今日の事件があり、後始末のために戻るのが遅くなると言われていたが。これほど、ターリャの帰りが待ち遠しいと思ったことがあっただろうか。
部屋に近づく足音が聞こえる度に、ターリャかと思い背筋をピンとする。まぁ、違かったのだが。
「待たせたな。イリ」
イリが待ち始めてから1時間以上は経っただろうか。少し疲れたようにターリャが帰ってきた。
ま、ってないよ。
「嘘をつくな。ライタから、今日は身体を念入りに洗っていると聞いたぞ」
身体を念入りに洗ったことをターリャに知られていて、イリは一気に顔を真っ赤にした。イリのそんな姿を見て、ターリャが色気を含んだ笑みを浮かべた。
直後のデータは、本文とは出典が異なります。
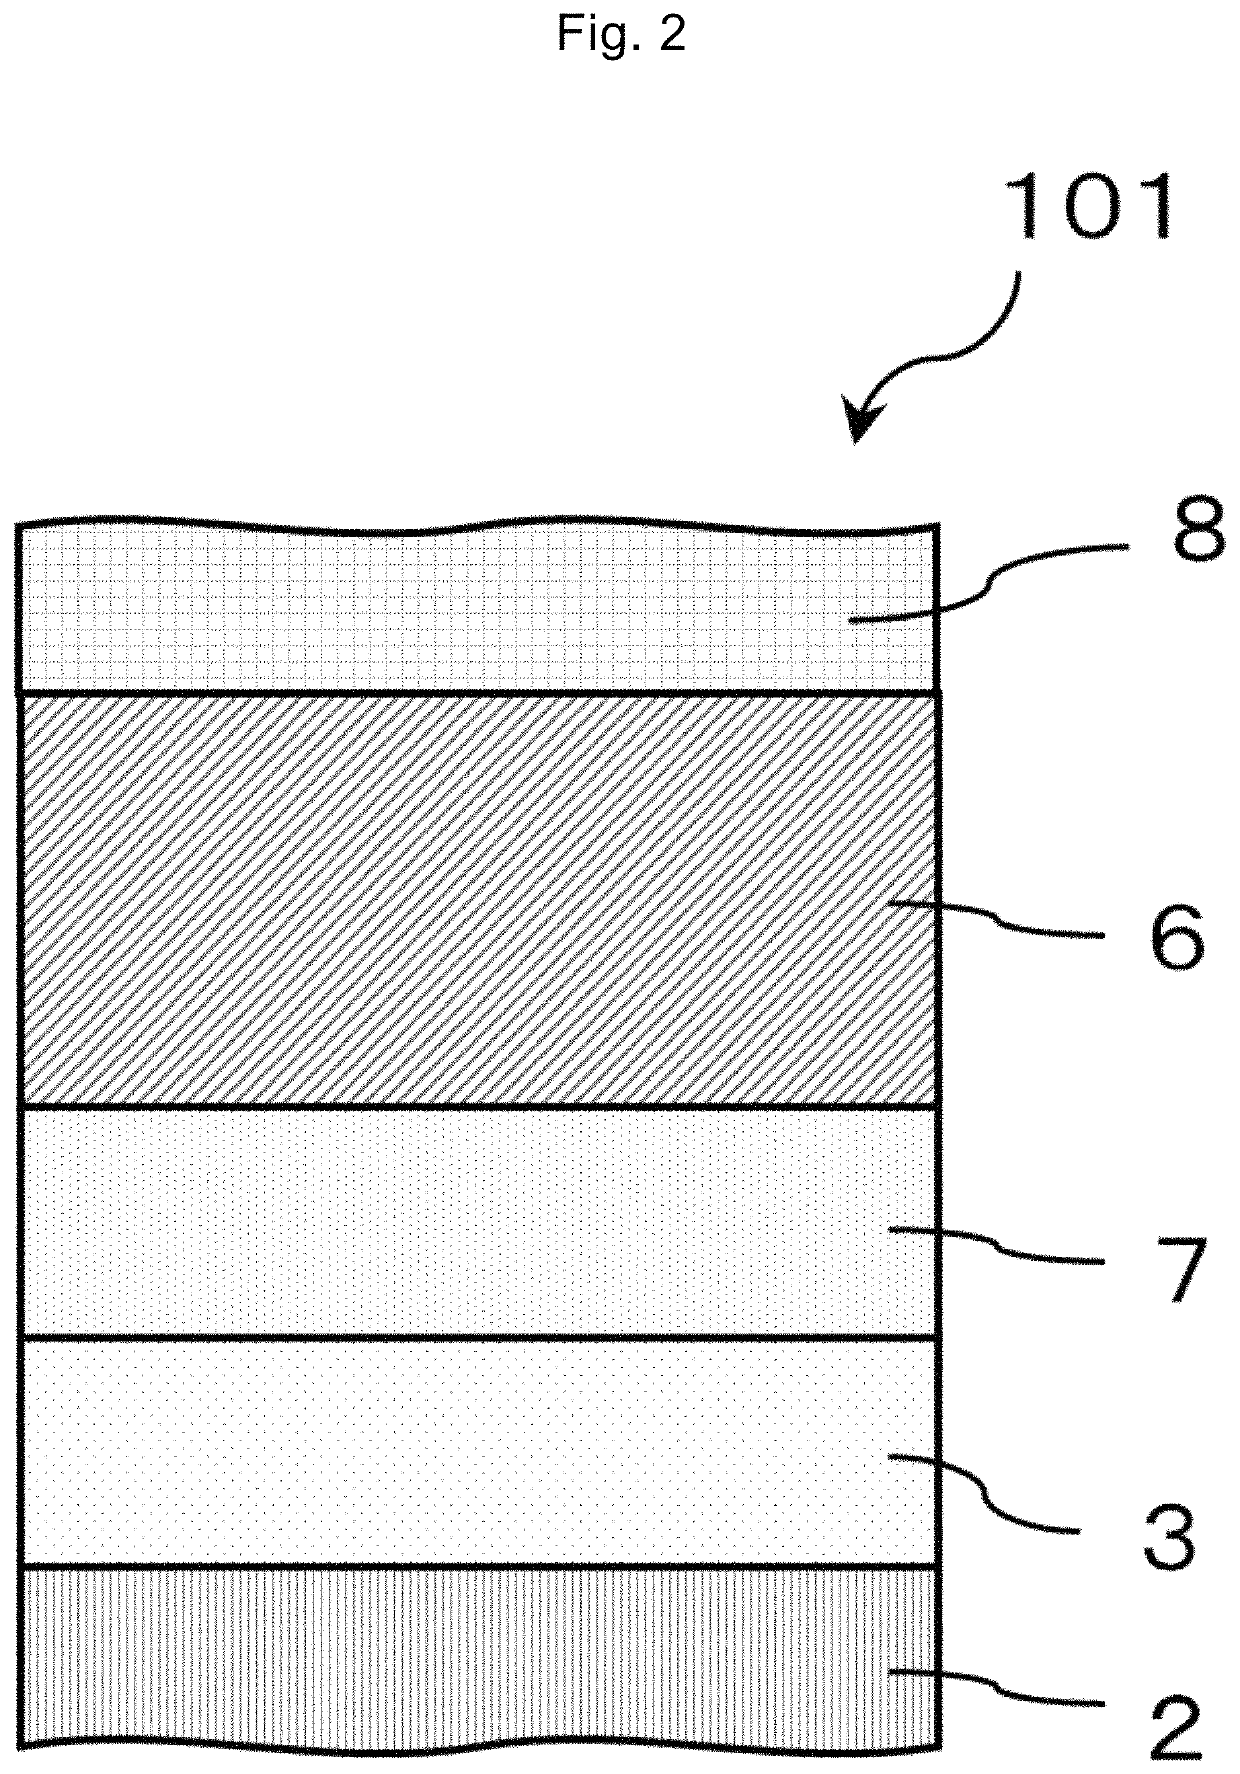 Precursor structure of perpendicularly magnetized film, perpendicularly magnetized film structure and method for manufacturing the same, perpendicular magnetization-type magnetic tunnel junction film in which said structure is used and method for manufacturing the same, and perpendicular magnetization-type magnetic tunnel junction element in which said structure or magnetic tunnel junction film is used

ターリャのそんな笑みを見るのは初めてで。初めて感じる熱が、イリの身体を駆け巡った。
「イリ」
イリの隣に座ったターリャが、そっと頬に手を添えてきた。自然にその手に擦り寄れば、慣れた手つきで項に手が流れていく。
「まっさらだな。イリの項は」
あたりまえだよ、たーりゃ。
「――――――ここに、噛み付いていいんだな。お前は俺のものだと、印をつけていいんだよな」
ターリャのブルーの瞳から、ホロリと涙が零れた。その涙を見たイリの瞳からも、同じように涙が零れる。
たーりゃ。あいしてる。
「俺も。イリを誰よりも愛している。俺の、愛しいΩ」
ターリャがグッとイリの項に顔を近づける。ターリャが噛みやすいように、イリは首を傾けた。
ターリャはずっとこの時を待ち望んでいた。イリと番になれる日のことを。
やっと。やっと、このキレイな項に誓いをたてられるのだ。一生、イリを愛するという誓いを。
「これでもう、お前は俺のものだ。イリ」
ターリャのその言葉を最後に、イリの項に一気に熱が集中した。